Hey, speaking of non-existent, get this: With little more than three weeks before the kickoff of the 2018-2019 season, Serie A had no North American broadcasting partner, but after the absolute horror show that was the Barcelona Entertainment and Information Network (beIN) that was probably a good thing, but us American calcio fans were getting panicky. Sure, beIN sucked but at least they offered a sliver of hope for the stream searches among us.

But then last August some completely unexpected happened. You came back. And for just $49 a year, the world of calcio was suddenly accessible...on my TV! I was completely floored. You had let me down for so many years, but this was your redemption song. In one fell swoop, you not only removed the need for me to visit those nefarious sites, but you actually saved me some money—in the market for a new laptop and suddenly not having to rely on dodgy streams, a 15” behemoth just seemed excessive.

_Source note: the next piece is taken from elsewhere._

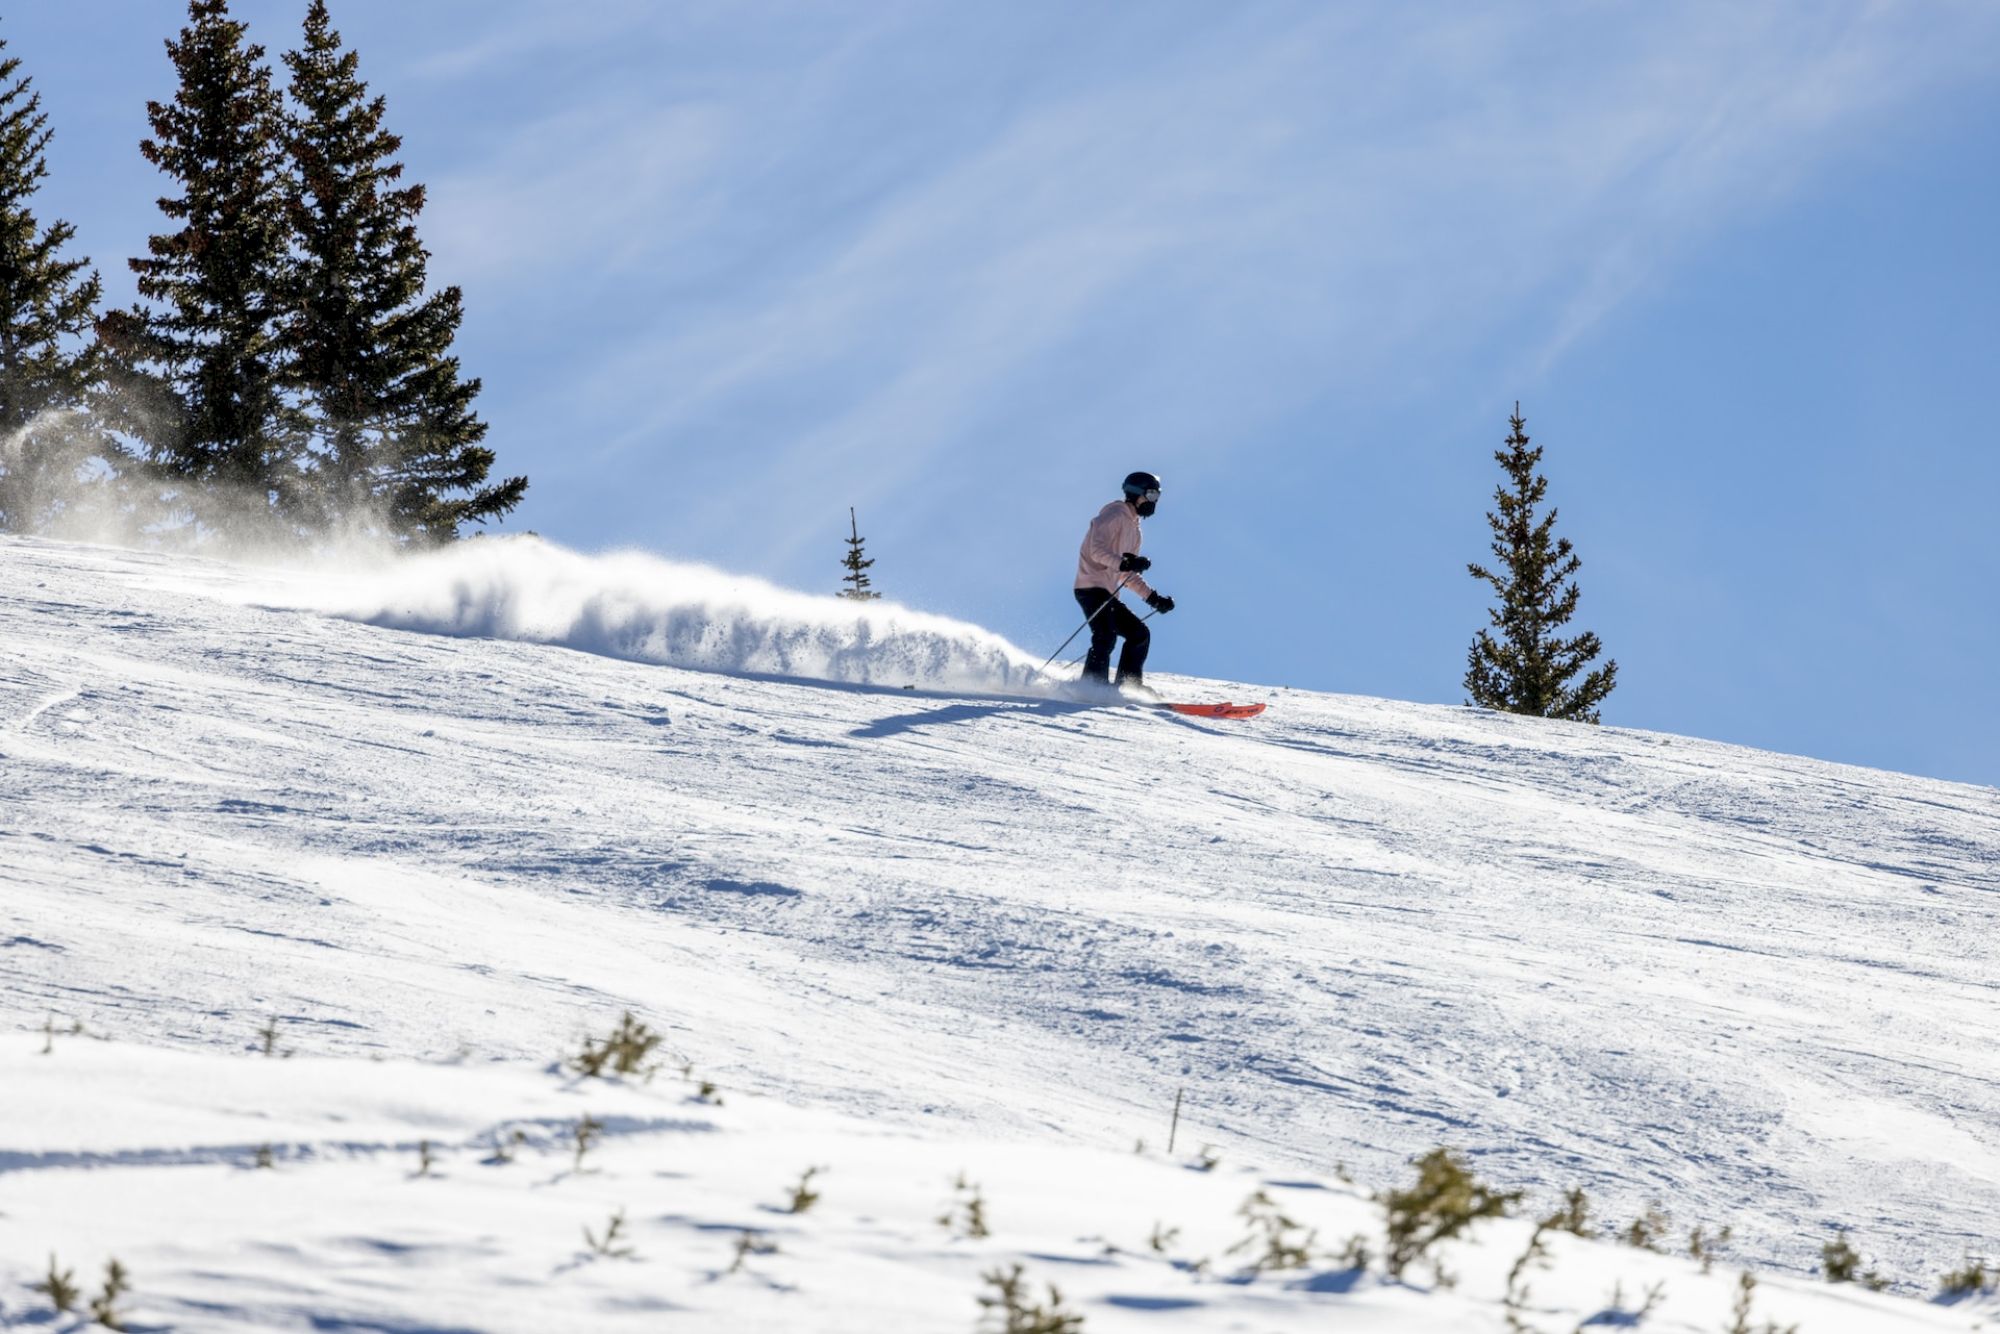 A skier is gliding down a snowy slope surrounded by trees, under a clear blue sky. Snow is being kicked up behind the skier as he moves.

It took me several weeks to shake the habit of hopping on those old sites, but soon the reflex of flipping on my Roku on Saturday mornings became second nature. And sure, your feed was sometimes two minutes behind real time, your announcers were too obsessed with cramming in nonsensical Premiership references at every turn, they couldn't really pronounce the surnames, and one of them repeatedly and embarrassingly referred to Bruno Conti as Daniele De Rossi's father, but your ambitious yet awkward coverage was still the best option I've had since the early 2000s when Fox Soccer Channel fueled by Roma appetite.

So thank you, ESPN. Sort out those small problems and you'll have a winner on your hands.